A cannonball is fired with an angle of elevation of 70^o. Its range is 1km. Neglect the air resistance and calculate:
1. the time the cannonball is in the air.
2. its initial velocity.
3. its range and height at 18s after firing
4. the other range at which the height was the same as calculated in 3 above.

Homework Equations

u = the initial velocity
u_x = ucos70^o
u_y = u sin70^o
a = -9.81m/s²

The Attempt at a Solution

My attempt.

Range = ucos70^o x t
therefore
t = Range/ucos70^o

At full range for the Y component.
t = (V_y - u sin70^o)/-9.81
t = u sin70^o)/9.81

Since the time are same.

Range/ucos70^o = u sin70^o/-9.81 ( Is this right?)
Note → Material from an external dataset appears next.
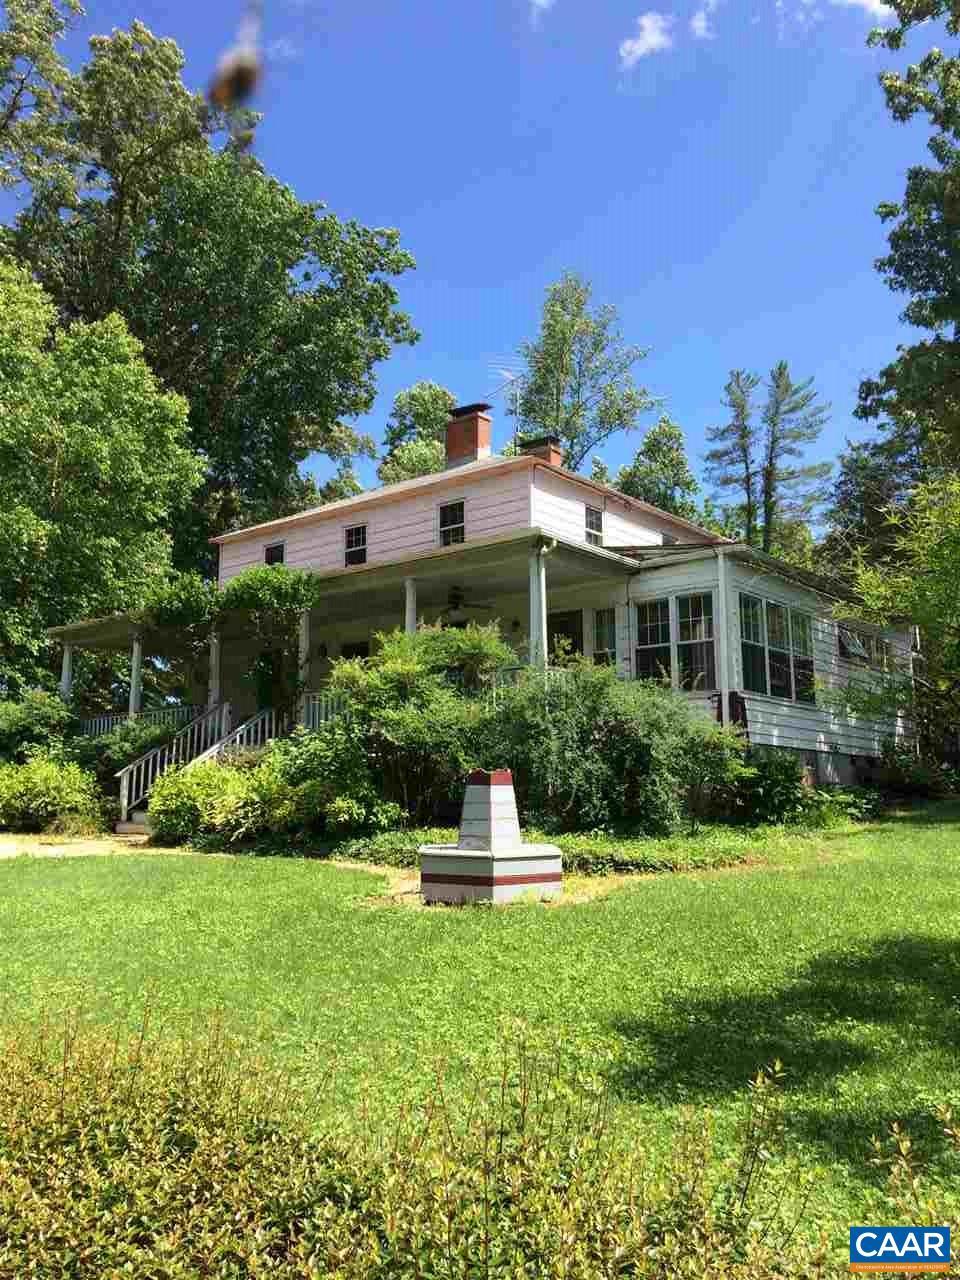 home for sale , MLS #566937, 830 Elizabeth Ln

I am confused. Can someone give me hints...thanks in advance..

 

[Gib Z]

You have an error for your analysis of the y component. You haven't justified by V_y is zero at full range, and in fact it isn't! Think about it.

To continue, you should use $$s = ut + \frac{1}{2}at^2$$.

Or if you remember the formula $$R = \frac{u^2 \sin 2\theta}{g}$$ that could be very useful.